- Born: 1928 Istanbul, Turkey
- Died: 18 October 2021 (aged 93) Istanbul, Turkey
- Occupations: Journalist, columnist
- Spouse: Mirka Kohen
- Children: Two

= Sami Kohen =

Turkish journalist and columnist (1928–2021)

Sami Kohen (1928 – 18 October 2021) was a Turkish journalist and columnist. He wrote regular columns about foreign policy for Milliyet since 1954.

Kohen was born in 1928 in Istanbul. He came from a multilingual Jewish family. He spoke French, Spanish, Turkish, and English fluently. His father was Albert Kohen, who published the La Boz de Türkiye newspaper in Judaeo-Spanish and French, which, after his father's death, was published in Turkish by Sami Kohen as Türkiye'nin sesi.
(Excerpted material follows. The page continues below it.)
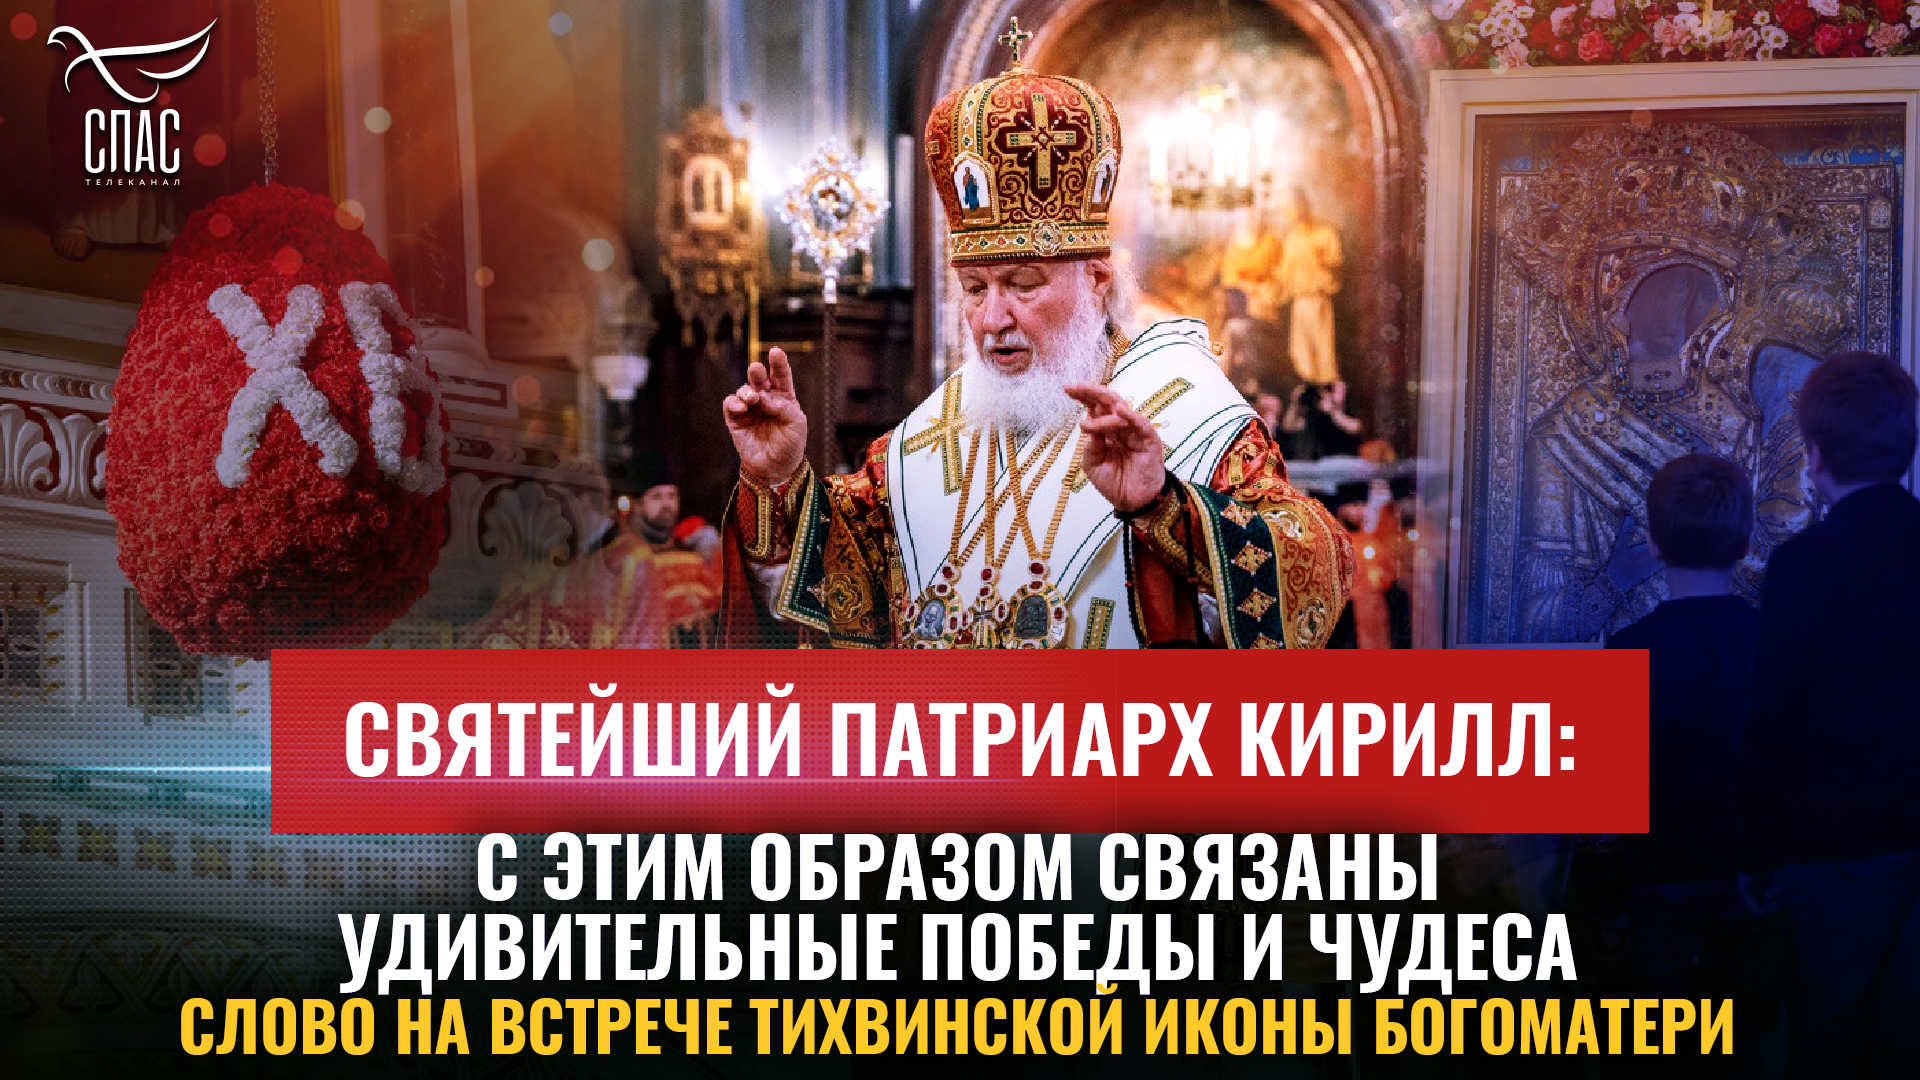 Святейший Патриарх Кирилл: С этим Образом связаны удивительные победы и чудеса

Later, he worked at Tan, Yeni Istanbul and Istanbul Express newspapers. In 1954 he joined Milliyet. Six years later in 1960, he married Mirka. He had two children named Jale and Alp and four grandchildren named Eren, Semih, Defne and Lila.

Besides Milliyet, Kohen also wrote for Christian Science Monitor and The New York Times. He also had a large contribution to Turkish politics, being the trusted advisor of many politicians throughout his career. While he was keen on writing about international politics, he was equally passionate about writing on local conflicts, particularly the Turkish invasion of Cyprus. He had four published books, and he authored chapters in books such as 'The New World Order and Turkey', in which he primarily discussed NATO's influence on Turkish policy.

On 12 October 2020, he was given the High Service Award.

On 18 October 2021, Kohen was admitted to intensive care due to kidney failure. He died later that day.